Economics journalist David Leonhardt has posted an interesting interview with British economist Diane Coyle. He asked:
In the context of the huge long-term deficits facing rich countries, you say that recent generations have been living beyond their means. What do you think is the one kind of tax increase that would best help us live within our means? And, similarly, the one kind of spending cut?
[Ms. Coyle answered:]
The current system of taxes and government spending encourages consumption and the over-use of resources today and creates too little incentive to save and invest. The one tax to increase now is a carbon tax. You don’t even have to worry about climate change to accept it has many benefits. In particular, it will encourage innovation in noncarbon-based energy supplies from renewables to nuclear. This is a field in which the U.S. and other Western economies could build on their strong science base to build an area of technological strength for the future, and at the same time reduce dependence on oil and gas imports from overseas. There are multiple good reasons for introducing a carbon tax.

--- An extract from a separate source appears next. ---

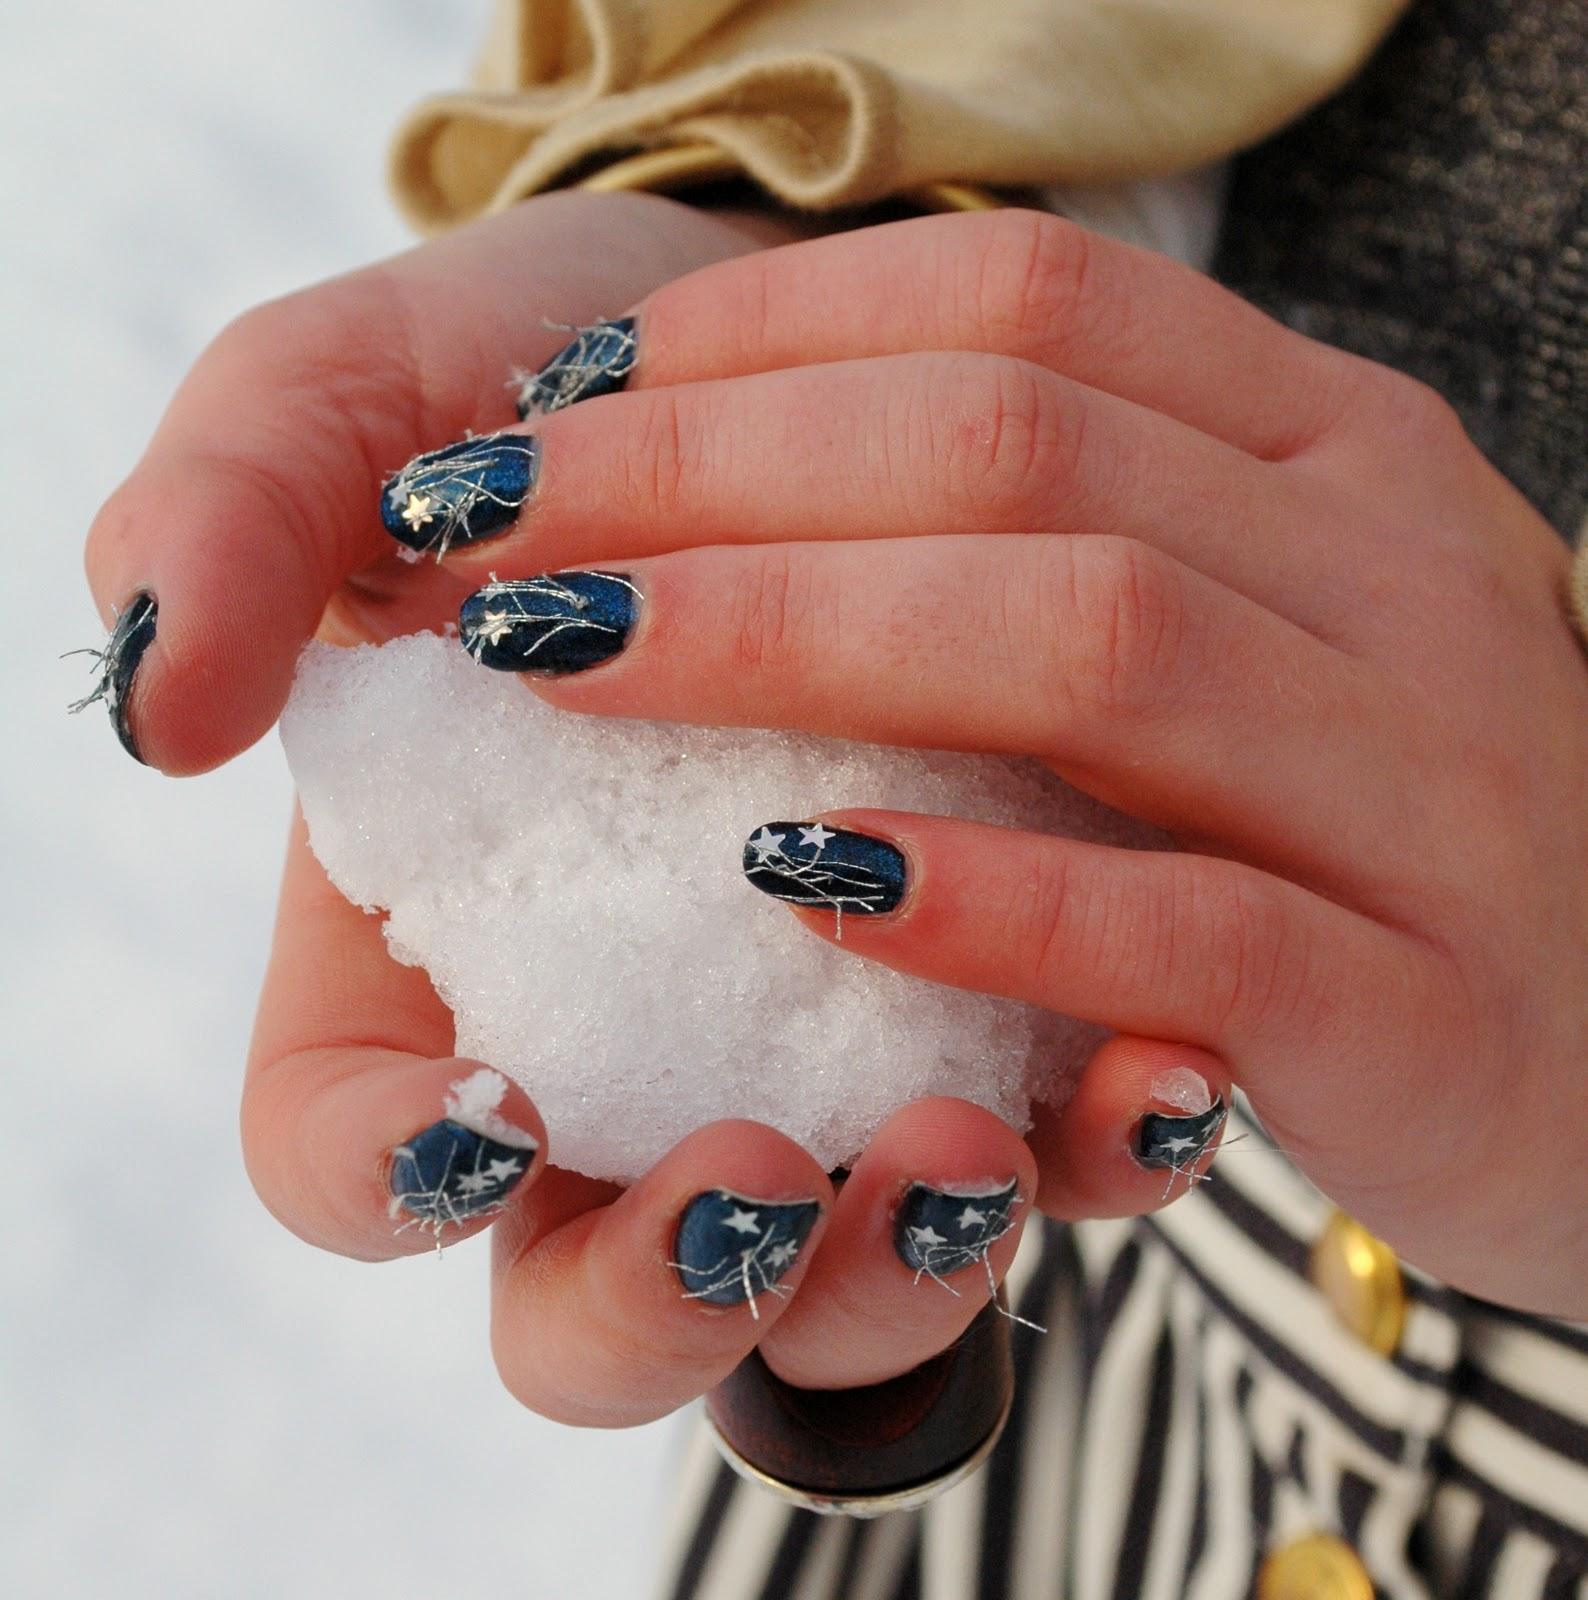 09 12 2010 Nail Art Fashionisaparty Fashionisaparty

Government spending needs to be redirected away from massive corporate subsidies — including to the financial sector but also big companies in health care and agribusiness — and instead towards infrastructure investment and education (which is infrastructure of a different kind for the digital economy). But the really painful cut in expenditure needs to be in government support for older people. Across the Western economies, retirement ages and the age threshold for benefits from the government will have to increase. If not, healthy and active over-60s benefiting from the taxes of a declining proportion of working people in the population are going to bankrupt the government and undermine the arrangement of mutual benefit that keeps any society stable. And, yes, I’m fully planning on working until I’m 70.
David Leonhardt, “Making Choices ‘as if the Future Matters’“, Economix, 17 June 2011.
I like Ms. Coyle’s response, up to the point where she recommends that government reduce its support for older people. Those who work with their minds can continue to be productive to age 70, or even longer. But those whose jobs require physical effort will find it difficult to delay retirement to such an advanced age.
One of the benefits of economic growth is the possibility of increased leisure time. Just as residents of wealthy countries no longer have to work 12 hours a day, six days a week, they are no longer forced to keep working until they drop dead. Retirement is a luxury, but it is an affordable luxury for those of us fortunate enough to live in advanced economies.
Ms. Coyle would be on firmer ground if she simply stated that governments should not penalize those who continue working beyond the state retirement age. Government support for the elderly, in other words, should not be conditional on retirement, or should at least compensate pensioners fairly for delaying retirement. But this is not what she says.
British economist Diane Coyle (born 1961) is author of The Economics of Enough: How to Run the Economy as If the Future Matters (Princeton University Press, 2011). A copy is on my desk, and I hope to read it soon.